Soon thereafter Ye, an astrophysicist by training, is offered a job in a mysterious, highly secret military base. She accepts, then seemingly disappears from the novel, which jumps ahead about forty years.
In our time, nanotechnologist Wang Miao learns that the world’s most eminent scientists have been committing suicide, leaving behind cryptic and discouraging notes like “Physics has never existed, and will never exist.” Investigating, Wang discovers that the suicides were triggered by anomalous results of advanced experiments, results that bring into question fundamental laws of nature. Then Wang himself begins to experience alarming, inexplicable phenomena.

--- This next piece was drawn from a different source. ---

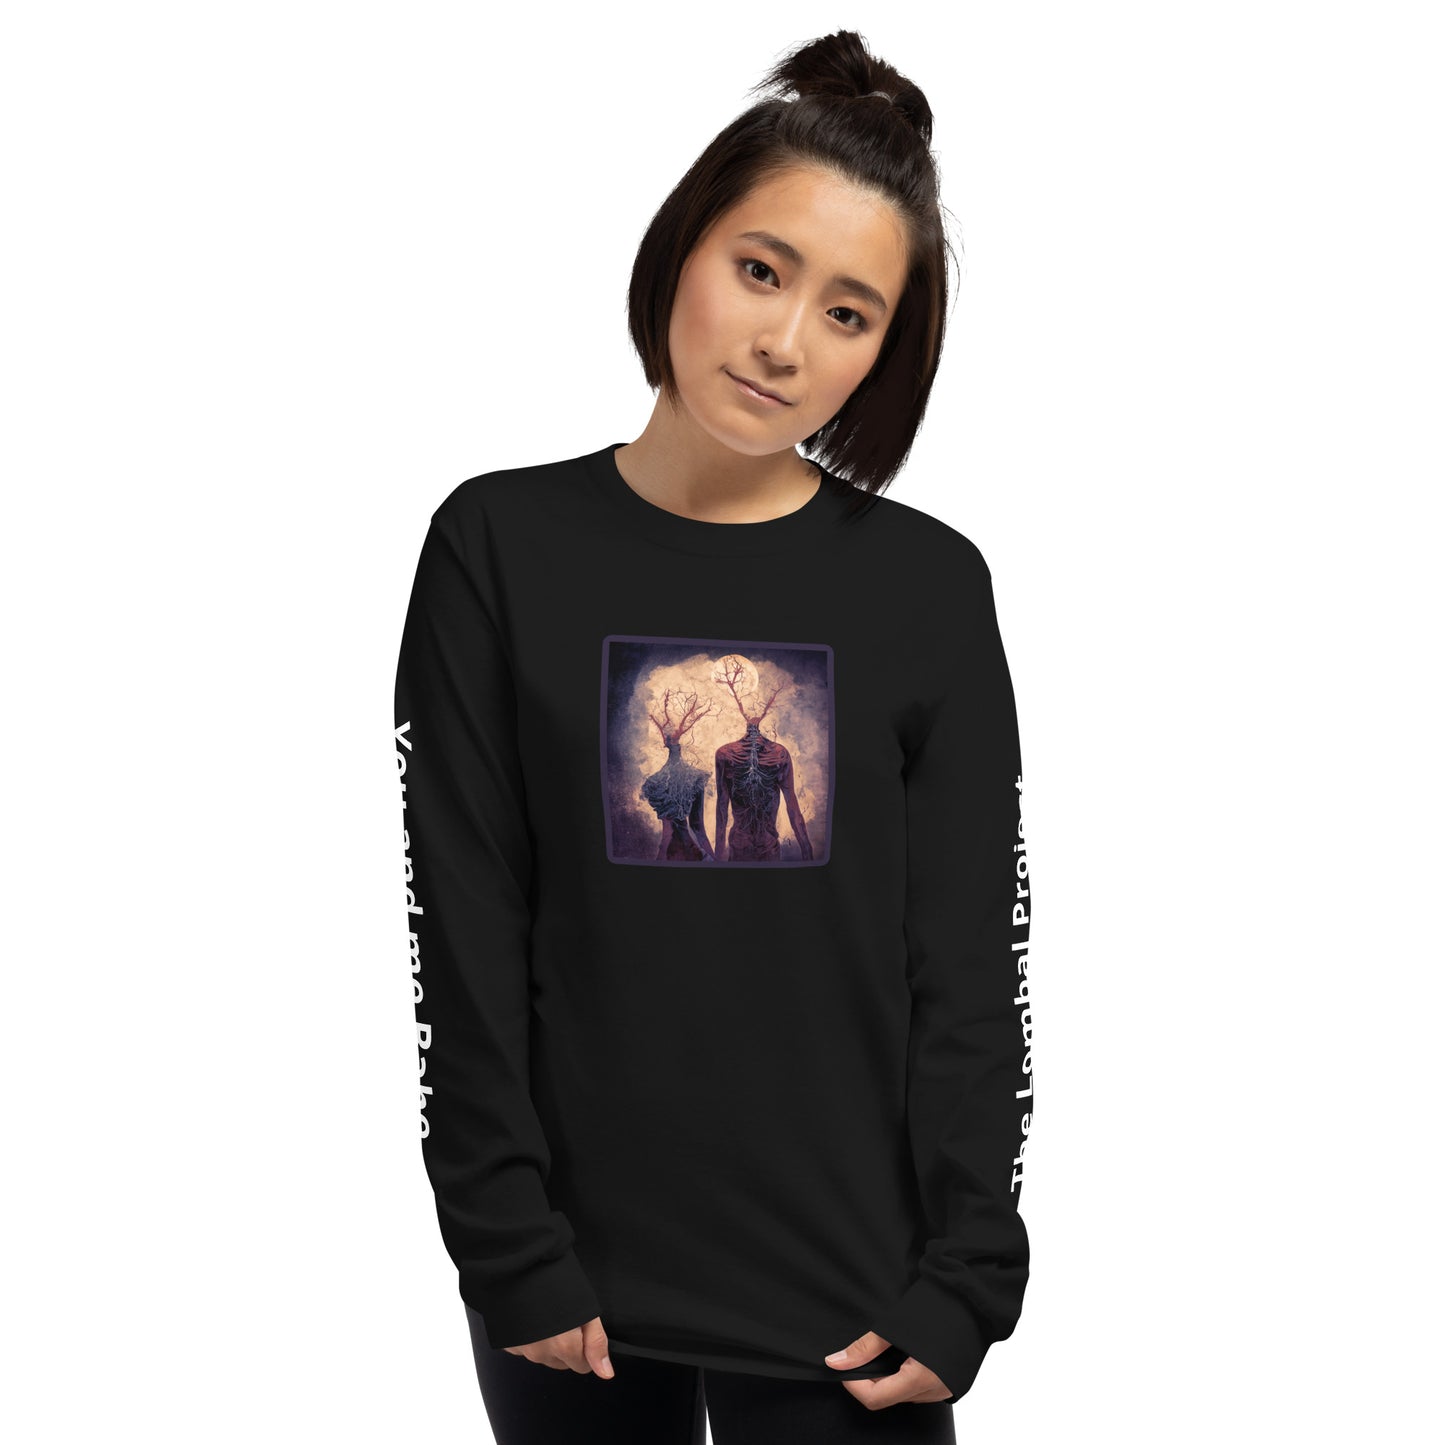 7/12 You and me Babe Long Sleeve Shirt

While all this is going on, Wang happens across a computer game called Three Body. He logs on—and in so doing initiates the novel’s second narrative: his avatar’s adventures in the bizarre, decidedly nonterrestrial world of the game. For a while this parallel story seems unrelated to Wang’s investigations in the real world, but the two are deeply related—and that relationship is the core of Liu’s audacious premise.
First published in China in 2006, The Three-Body Problem was an unprecedented success, as were its two successors: each sold over five hundred thousand copies, far beyond the sales of any modern Chinese SF novel since the genre appeared late in the Qing dynasty. It won a host of major awards and made Cixin Liu the authorial equivalent of a rock star. (It has its own website, 3body.net, a URL with ominous overtones for readers of the novel.)
In this country, Ken Liu’s masterful translation has been nominated for three major prizes: the Hugo, Nebula, and John W. Campbell Memorial awards, each given to the best SF novel of the year. That would be a major accomplishment for any novel; for a novel in translation by a writer very few English-speaking readers are likely to have heard of, it is phenomenal.
Interested readers, however, should know what they are getting into. First, The Three-Body Problem is the initial novel in a trilogy, cheerily entitled Remembrance of Earth’s Past. No problem. Its ending is thoroughly satisfying, even as it leaves us eager for the next volume, The Dark Forest.
Second, it is a science-fictional novel of ideas, somewhat in the tradition of mid-twentieth-century American SF. Readers seeking subtle portrayals and development of multidimensional characters should look elsewhere, as should those averse to brief expositions of ideas in contemporary physics. What The Three-Body Problem offers instead are audacious, mind-expanding extrapolations of known science, fascinating fictional commentary on the interplay of science and politics in present-day China, and storytelling on a grand, wildly ambitious scale. Such stories, if done as well as this one, can evoke a response all but unique to the genre: an awe at nature and the universe SF readers call a “sense of wonder.”